Industrial Engineering Department, University of Los Andes, Bogota 111711, Colombia.
Center for Optimization and Applied Probability, School of Engineering, University of Los Andes, Bogota 111711, Colombia.
Bioinformatics. 2021 Dec 11;37(24):4801-4809. doi: 10.1093/bioinformatics/btab579.
The integration of multi-omic data using machine learning methods has been focused on solving relevant tasks such as predicting sensitivity to a drug or subtyping patients. Recent integration methods, such as joint Non-negative Matrix Factorization, have allowed researchers to exploit the information in the data to unravel the biological processes of multi-omic datasets.
We present a novel method called Multi-project and Multi-profile joint Non-negative Matrix Factorization capable of integrating data from different sources, such as experimental and observational multi-omic data. The method can generate co-clusters between observations, predict profiles and relate latent variables. We applied the method to integrate low-grade glioma omic profiles from The Cancer Genome Atlas (TCGA) and Cancer Cell Line Encyclopedia projects. The method allowed us to find gene clusters mainly enriched in cancer-associated terms. We identified groups of patients and cell lines similar to each other by comparing biological processes. We predicted the drug profile for patients, and we identified genetic signatures for resistant and sensitive tumors to a specific drug.

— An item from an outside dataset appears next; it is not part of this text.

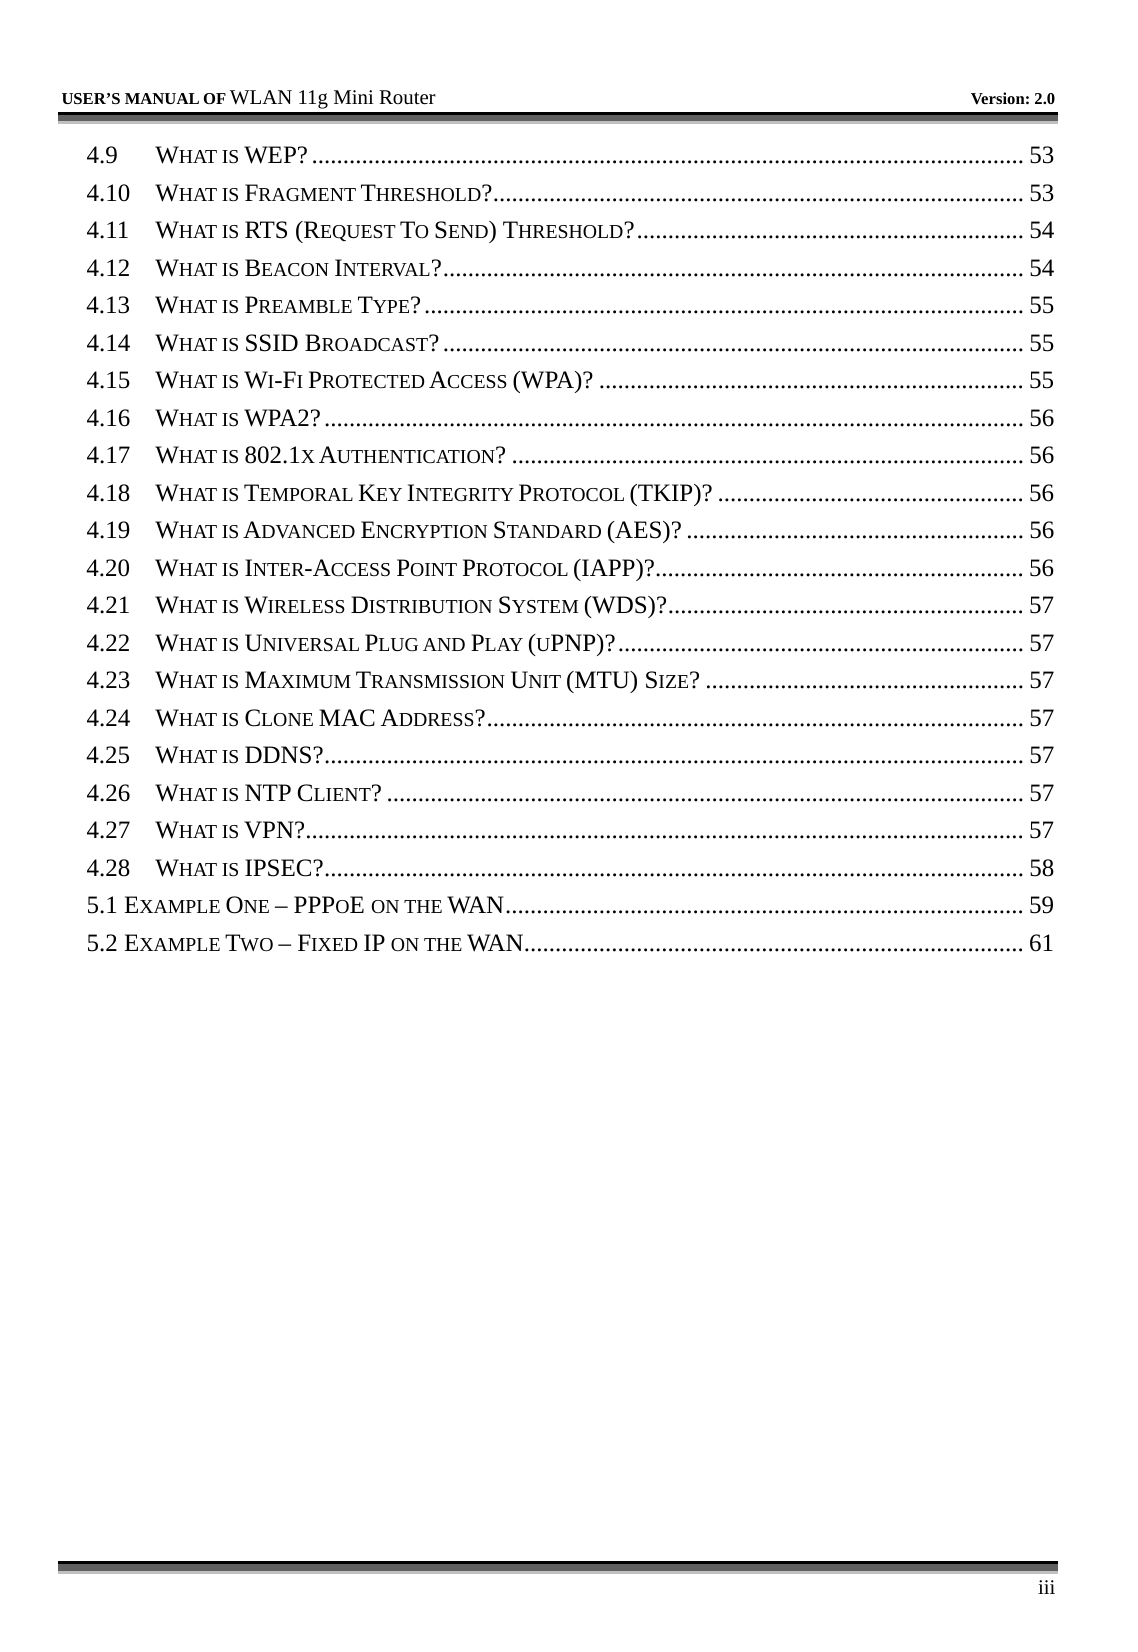   USER’S MANUAL OF WLAN 11g Mini Router   Version: 2.0     iii 4.9 WHAT IS WEP?.................................................................................................................. 53 4.10 WHAT IS FRAGMENT THRESHOLD?..................................................................................... 53 4.11 WHAT IS RTS (REQUEST TO SEND) THRESHOLD?.............................................................. 54 4.12 WHAT IS BEACON INTERVAL?............................................................................................. 54 4.13 WHAT IS PREAMBLE TYPE?................................................................................................ 55 4.14 WHAT IS SSID BROADCAST?............................................................................................. 55 4.15 WHAT IS WI-FI PROTECTED ACCESS (WPA)? .................................................................... 55 4.16 WHAT IS WPA2?................................................................................................................ 56 4.17 WHAT IS 802.1X AUTHENTICATION? .................................................................................. 56 4.18 WHAT IS TEMPORAL KEY INTEGRITY PROTOCOL (TKIP)? ................................................. 56 4.19 WHAT IS ADVANCED ENCRYPTION STANDARD (AES)? ...................................................... 56 4.20 WHAT IS INTER-ACCESS POINT PROTOCOL (IAPP)?........................................................... 56 4.21 WHAT IS WIRELESS DISTRIBUTION SYSTEM (WDS)?......................................................... 57 4.22 WHAT IS UNIVERSAL PLUG AND PLAY (UPNP)?................................................................. 57 4.23 WHAT IS MAXIMUM TRANSMISSION UNIT (MTU) SIZE? ................................................... 57 4.24 WHAT IS CLONE MAC ADDRESS?...................................................................................... 57 4.25 WHAT IS DDNS?................................................................................................................ 57 4.26 WHAT IS NTP CLIENT? ...................................................................................................... 57 4.27 WHAT IS VPN?................................................................................................................... 57 4.28 WHAT IS IPSEC?................................................................................................................ 58 5.1 EXAMPLE ONE – PPPOE ON THE WAN................................................................................... 59 5.2 EXAMPLE TWO – FIXED IP ON THE WAN................................................................................ 61

Source code repository is publicly available at https:/bitbucket.org/dsalazarb/mmjnmf/-Zenodo DOI: 10.5281/zenodo.5150920.
Supplementary data are available at Bioinformatics online.
使用机器学习方法整合多组学数据一直专注于解决相关任务,例如预测对药物的敏感性或对患者进行亚型分类。最近的整合方法,如联合非负矩阵分解,使研究人员能够利用数据中的信息来揭示多组学数据集的生物学过程。
我们提出了一种名为多项目和多谱联合非负矩阵分解的新方法,能够整合来自不同来源的数据,如实验和观察多组学数据。该方法可以在观察之间生成共同聚类,预测谱并关联潜在变量。我们应用该方法整合了来自癌症基因组图谱 (TCGA) 和癌症细胞系百科全书项目的低级别神经胶质瘤组学谱。该方法使我们能够找到主要富集在癌症相关术语中的基因簇。我们通过比较生物学过程来识别彼此相似的患者和细胞系群体。我们预测了患者的药物谱,并确定了对特定药物有耐药性和敏感性的肿瘤的遗传特征。
源代码存储库可在 https://bitbucket.org/dsalazarb/mmjnmf/-Zenodo 上公开获取,DOI: 10.5281/zenodo.5150920。
补充数据可在生物信息学在线获得。